Fong의 두가지 방법은 large number of hyperparameter를 발생시킴, 수동으로 parameter를 조절해야 효과를 볼 수 있음
- fine-grained되기 힘들고, 애매모호한 방법
optimized interpretation method기반의 filtering gradients 제안 👎
confrontation data를 통해 core feature과 ordinary feature를 구분 👎
- gradient filtering을 통해 valuable feature를 보존해줌

(3) Anchor의 rule based interpretation

많은 양의 adversarial data
anchor 이외의 것은 변경해도 결과에 영향X
Candidate interpretation, Adversarial adaption
Anchor가 제공하는 interpretation을 세분화하기 위해 많은 양의 interpretation 후보 세트를 multiple method로 공동 생성
생성된 candidate interpretation이 robust하다면, 서로 다른 adversarial 환경에서도 interpretation의 prediction은 변하지 않음
- interpretation 하고자 하는 대상을 다양한 adversarial 환경에 융합하고 다양한 상황에서 Prediction이 변하지 않는다면 interpretation이 highly robust

C. Concept - based interpretation

concept : class가 가지는 어떠한 특징
사람이 지정
TCAV, Network Dissection

(1) TCAV(Post-training explanation)

class(object)가 가지는 특징을 표현하는 사람이 지정한 image dataset & 랜덤 image dataset
모델이 사람이 선택한 concept에 대한 중요도를 수치적으로 측정하겠다.
과정
- 줄무늬, 랜덤이미지 label1, label2 두클래스
- train된 모델에 넣어 중간에 있는 featuremap 추출
- feature map의 label1과 label2를 구분하는 linear classifier를 train
- 그 경계선의 직교하면서 stripe를 가리키는 방향의 벡터를 unit vector(concept activation vector)
  -> feature map이 unti vector방향으로 움직였을때 점점 stripe이 가지고 있는 특성으로 수렴(컨셉을 설명해주는 vector)
  
  즉, concept를 수학적으로 정의하는 measurement

(2) Network Dissection

hidden unit(neuron)과 다양한 concept의 연관성
Dataset : Broden(broadly and densely labeled dataset)
각각의 CNN의 hidden unit(neuron)과 concept의 binary segmentation끼리 IOU를 계산
과정

Step1 : Identify a broad set of human-labeled visual concepts(Broden)
- human-labeled visual concepts
- pixel-wise binary segmentation map으로 labeled된 visual concept
- 이미지에는 픽셀 단위로 라벨링(texture와 scene 제외)
  - multiple label(left front black cat leg -> cat, leg, black)
- 이미지의 모든 픽셀에는 색상 라벨
- 63,305 images with 1197 visual concepts(textures, colors, materials, parts, objects, and scenes)
Step2 : Gather the response of the hidden variables to known concepts
- convolutional hidden unit의 binary segmentaion 얻기
  - Broden을 모델에 forward pass한 후 each convolutional unit의 binary segmentation map
Step3 : Quantify alignment of hidden variable-concept pairs
- human labeleld concept의 binary map과 hidden unit의 binary map의 관계를 IOU를 통해 계산

Intersection over Union score(IOU)
${sum |M_k(x) \cap L_c(x)| \over sum |M_k(x) \cup L_c(x)|}$
- x : input image
- $M_k(x)$ : upsample 된 unit(bilinear interpolation, 이중선형보간법)

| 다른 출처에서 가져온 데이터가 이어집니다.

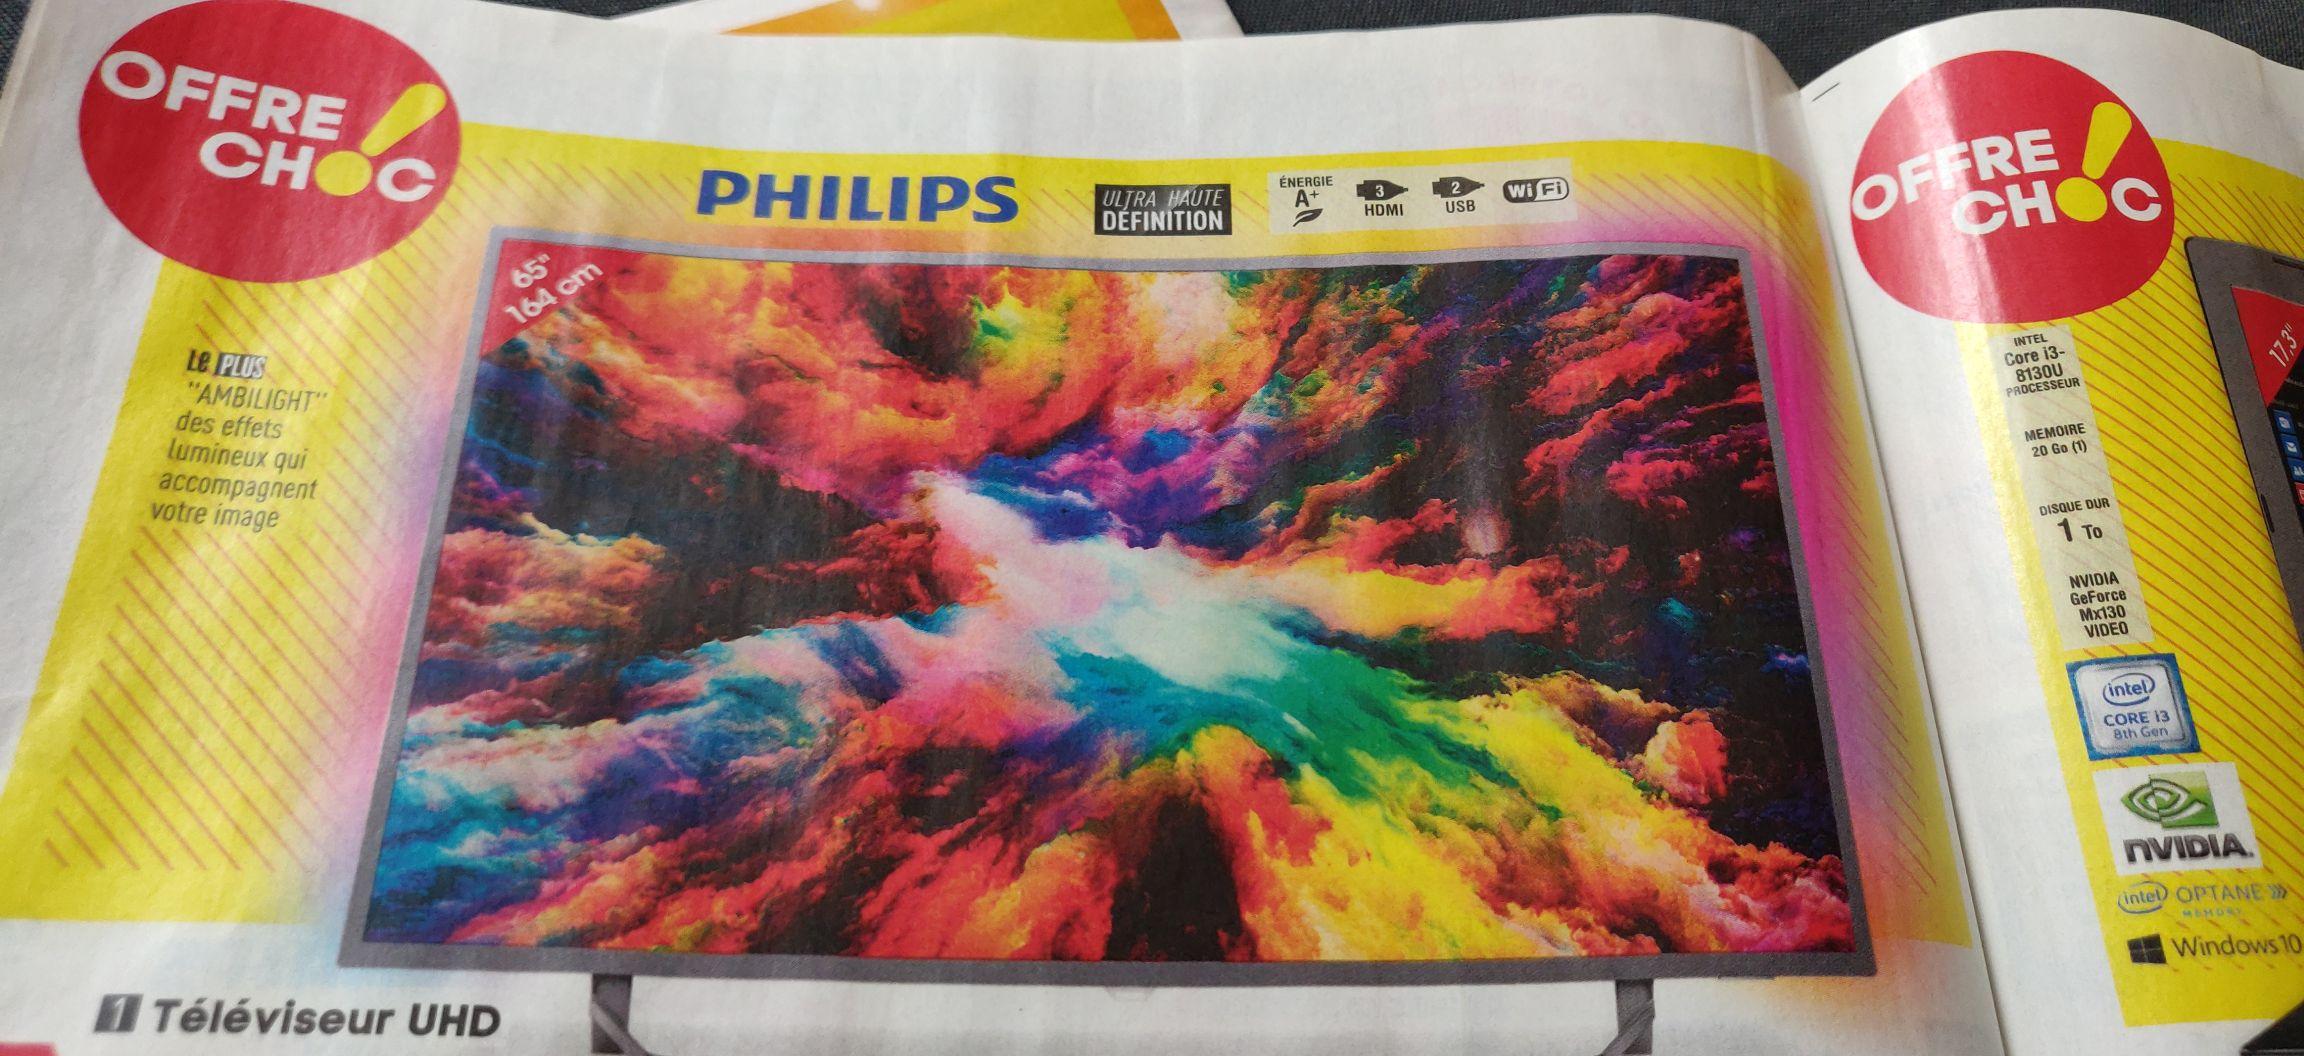 "TV 65"" Philips 65PUS6753 - LED, 4K UHD, Ambilight 3 côtés"
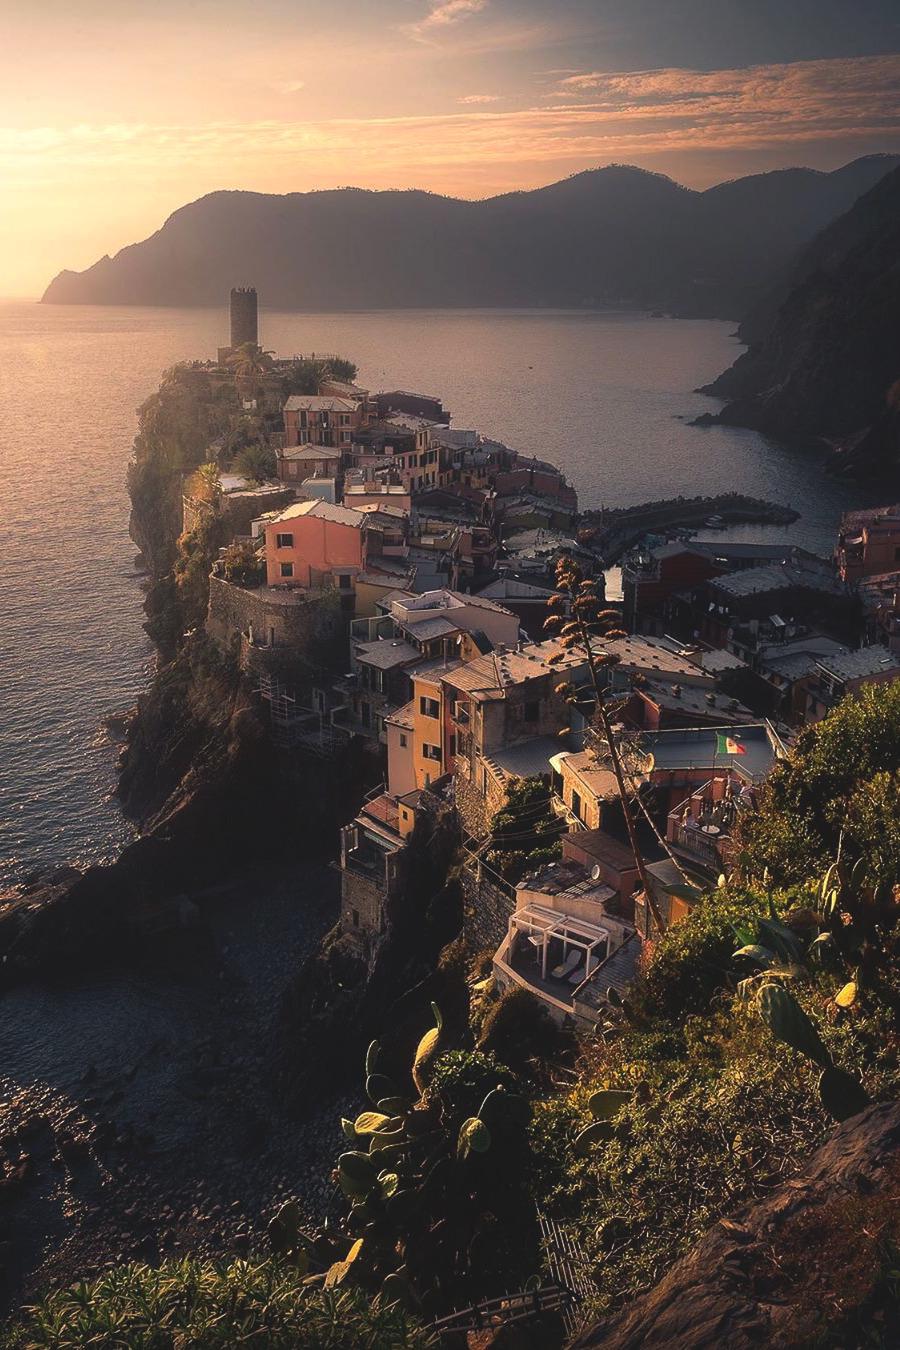 Pin by Paco Santomé on fotos de paisajes in 2020 Italy

Model-Driven interpretation

모델 전체의 working mechanism 분석X
내부 구성요소(ex.뉴런 및 가중치) 분석
구현 easy, 작은 연산량

Gradient-based interpretation

backpropagation 기반
- Saliency map
- ZFnet

CNN모델을 가시화하여 CNN의 중간과정을 보고 개선 방안을 파악해보자
CNN의 중간 layer의 feature map은 그 자체로는 해석하기 어렵기 때문에 입력 이미지에 mapping해서 분석하겠다.
- Conv : feature map -> Convolution(filter) -> activation(Relu) -> pooling -> 이미지 축소
- Deconv : Unpooling -> activation(ReLU) -> Deconvolution
  - maxpooling 하면 위치정보 알 수 없음 -> switch라는 개념을 도입해 위치정보 저장(unpooling 할 때 활용)
  - relu 하게 되면 0을 복원할 방법이 사라짐. 하지만 0을 복원하지 않더라도 큰 문제가 되지 않음
  - Deconvolution

(1) Simonyan의 Scoring function

non-linear한 상황을 고려하지 않고 scoring function을 이용하여 각 pixel의 score를 구함
non-linear -> Taylor formula로 근사
gradient크기가 pixel의 중요도

${f_c(I) = w_c^TI + b_c}$

(2) Springenberg의 guided backpropagation 기반 Visualization algorithm

(3) Yosinski의 open source, regularized optimization(L2 decay, gaussian blur, clipping pixel with small norm, clipping pixel with small contirbution)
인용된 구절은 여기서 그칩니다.